Washington, D.C. (May 11, 2026) — The Independent Community Bankers of America® today expressed strong concern after crypto exchange parent company Payward Inc., operator of Kraken, applied for a national trust bank charter from the Office of the Comptroller of the Currency (OCC). The application follows Kraken’s previously granted access for a Federal Reserve master account and ongoing efforts to create payment stablecoin frameworks that could further expand crypto firms’ direct access to the federal banking system.

“Kraken’s application is symptomatic of a growing convergence of crypto firms seeking greater access to the federal banking system through payment stablecoins, master account access, and national trust charters without comparable regulation as banks,” ICBA President and CEO Rebeca Romero Rainey said. “Considered individually, each proposal raises serious policy questions. Together, they raise interconnected risks, weaken long-standing guardrails, and create new channels for instability and consumer harm. The convergence of payment stablecoins, master account access, and national trust charters also raises serious concerns about the significant impacts to lending if community banks lose deposits. Policymakers should exercise caution to protect financial stability and safeguard consumers using a holistic approach before granting crypto firms additional pathways into the banking system without being regulated like banks.”

ICBA recently outlined these concerns in its issue brief, “Stablecoins, Master Accounts and National Trust Charters: Community Bankers Urge a Pause on Polices for Unaccountable Entities,” which warns policymakers about the cumulative impact of advancing multiple crypto-related policy initiatives simultaneously.

As ICBA detailed in a blog post earlier this year, the trust company role in providing for the safekeeping of customers’ assets has generated interest in the OCC’s national bank trust charter from nonbank fintech companies — risky institutions looking to siphon insured deposits into their uninsured deposit-like accounts with few protections for consumers.
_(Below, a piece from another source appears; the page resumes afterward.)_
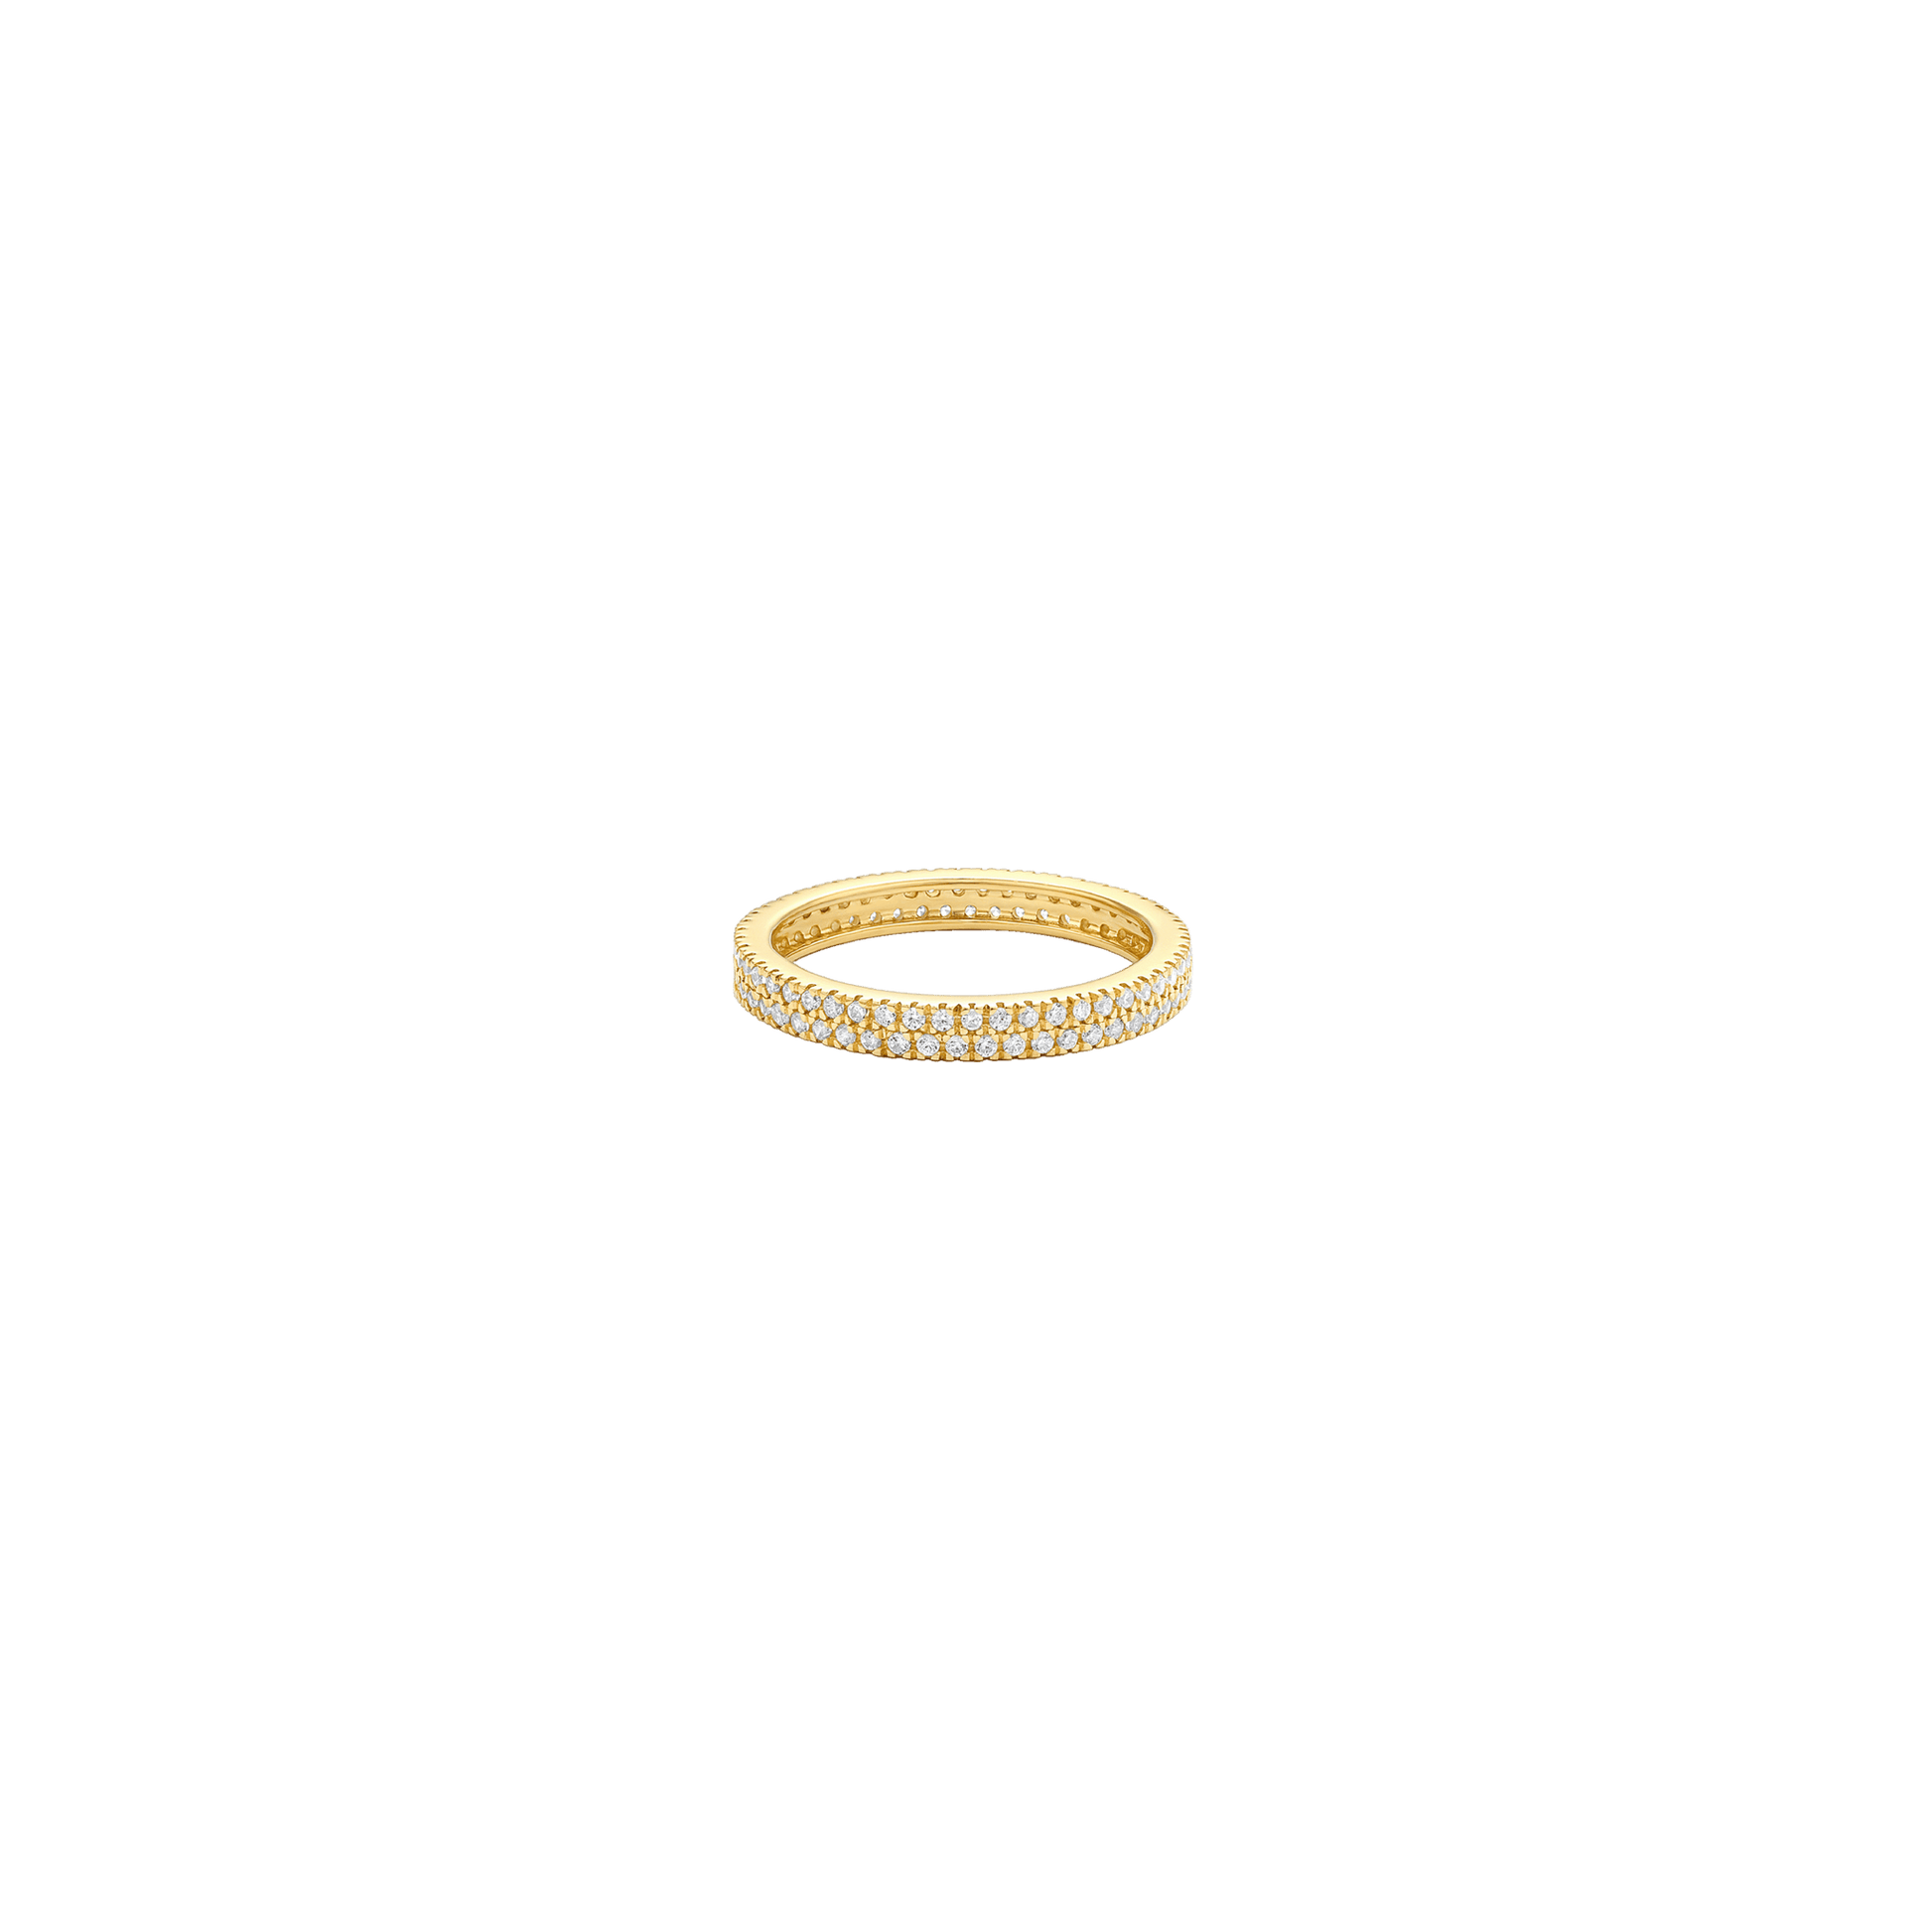 Diamond Eternity Band - 14K Yellow Gold Rings 14K Solid Gold US 4

The OCC’s policy shift under Interpretive Letter #1176 enables these nonbanks to receive a traditional trust charter while engaging in activities the charter was never intended to permit, raising questions about the applicants’ fiduciary activities and the significant departure from existing OCC precedent that these applications represent.

ICBA urges the OCC to pause consideration of this application, rescind Interpretive Letter #1176, and undertake a formal rulemaking to clarify the scope of this charter and ensure alignment with congressional intent to support responsible innovation and a level playing field across the financial services sector.